5 Tips for Dealing with Toxic Workplaces

At work, situations often get personal despite everyone’s best efforts to keep their interactions on a professional level. Things can take a bad turn and eventually, your small business will suffer.

People chalk up abrasive attitudes and snippy behavior to the pressures of the job (or a lack of caffeine). Rifts and rivalries form, tearing at the cohesiveness of your workforce. Obviously, a productive environment this is not.

The backbiting and bouts of inappropriate banter that make workplace sitcoms so entertaining on TV—The Office is a prime example—aren’t so funny in the real world. Worse, left unchecked, such behavior not only leaves behind dissent in its wake, it can land a company in court.

Some of the biggest offenders, according to management consultant Ken Lloyd, are “office idiots who don’t recognize the value of diversity.” They operate on outmoded stereotypes, he says, oblivious to the benefits that a diverse workforce and the creativity it fosters can bring to a business.

Lloyd has a PhD in organizational behavior and is a speaker and frequent media contributor. In his book, Office Idiots: What to Do When Your Workplace is a Jerkplace, he delves not only into cringe-worthy examples of bad behavior in business settings, he also offers managers and employees a way to combat them. Here are some of his suggestions.

How to Create a Jerk-free Office

1. Take Action

“They’re not going to go away,” says Lloyd of office idiots. So don’t let their crimes against workplace harmony go unchallenged.

Avoid jumping into an explosive confrontation. “Focus on behavior, outcomes and performance,” he says. Addressing these factors, and avoiding quirks and other traits of the offender’s personality, diffuses a lot of defensiveness that can otherwise form the situation.

By sidestepping the drama, misbehaving colleagues are likelier to improve and resolve matters professionally.

2. Don’t Enable It

Without realizing it, “it’s very easy to be an enabler of office idiocy,” laments Lloyd.

How often do you let the office chatterbox monopolize your time and attention? When did you last complete a coworker’s assignment while your own to-do list grows?

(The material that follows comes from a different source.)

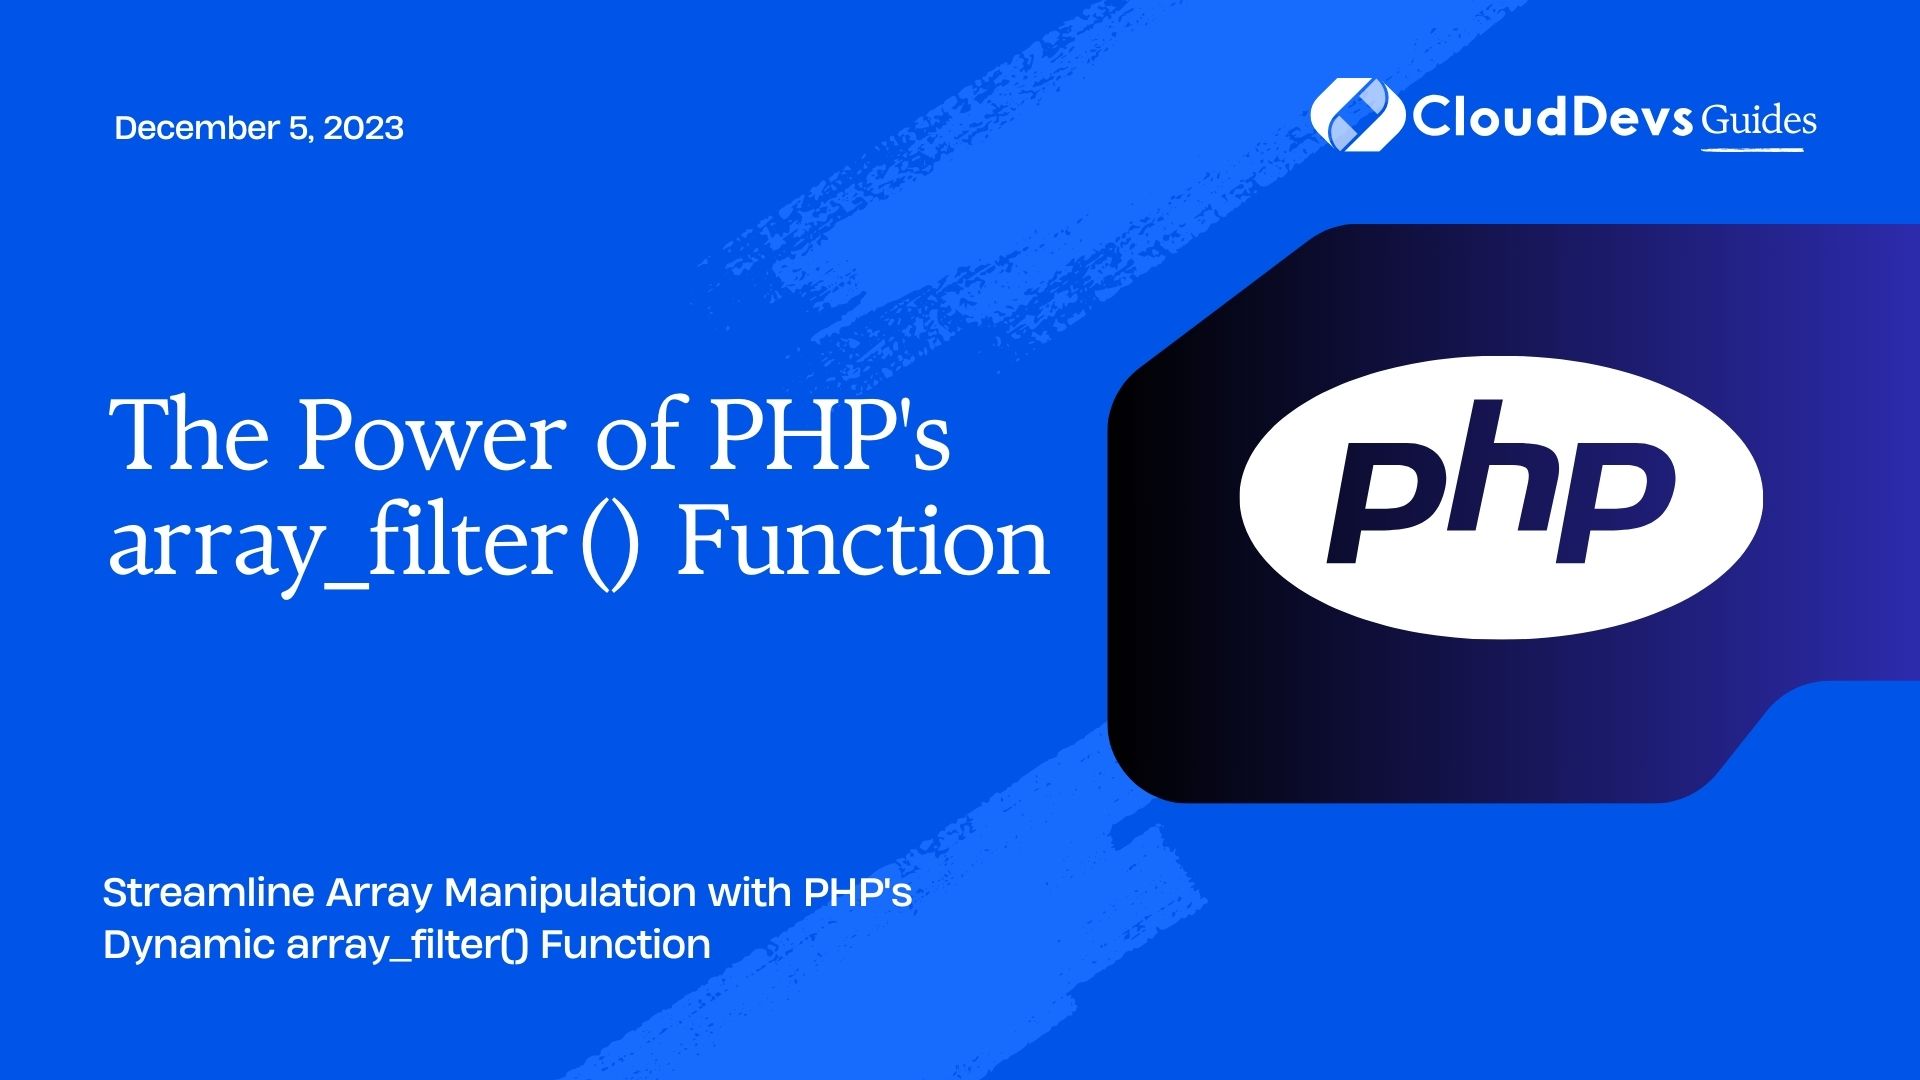 The Power of PHP's array_filter() Function

Unless you’re earning another paycheck for doing another person’s job in addition to yours, knock it off. “If you don’t say something and act assertively, you’re rewarding [the behavior],” says Lloyd.

3. Minimize Multitasking

“Do not put up with the myth of multitasking,” advises Lloyd.

Studies have shown that people are not as good at juggling their workloads as they think they are. “People cannot successfully and effectively handle multiple high-level tasks at the same time,” he says.

In the workplace, this means that colleagues with their noses buried in their iPhones aren’t actually listening to what you’re saying. And don’t bet on them being fully invested in the task at hand.

Both can lead to friction at the office, so discourage multitasking and restore focus for better office interactions and workflows.

4. Stay Out of Email Battles

Email has a funny way of warping what you mean to say.

“Email is great for communicating facts and figures,” but terrible at conveying emotions and a poor platform for arguments, warns Lloyd. In face-to-face interactions, “80 percent of the information we send is nonverbal,” he informs.

In short, a lot of information and intent is lost in the short amount of time it takes an email to hit your inbox. If you see an email battle brewing, “pick up your feet, or at least pick up the phone,” advocates Lloyd. Your inbox and your blood pressure will thank you.

5. Don’t Be an Office Idiot

Look inward; chances are that you sometimes engage in the behaviors that infuriate your officemates.

Assess how you treat people. If you find yourself falling short, make an effort to “truly treat them with respect and trust,” says Lloyd. Engage in active listening for rewarding interpersonal communications and to avoid potential schisms.

Ultimately, “manage by the golden rule,” recommends Lloyd.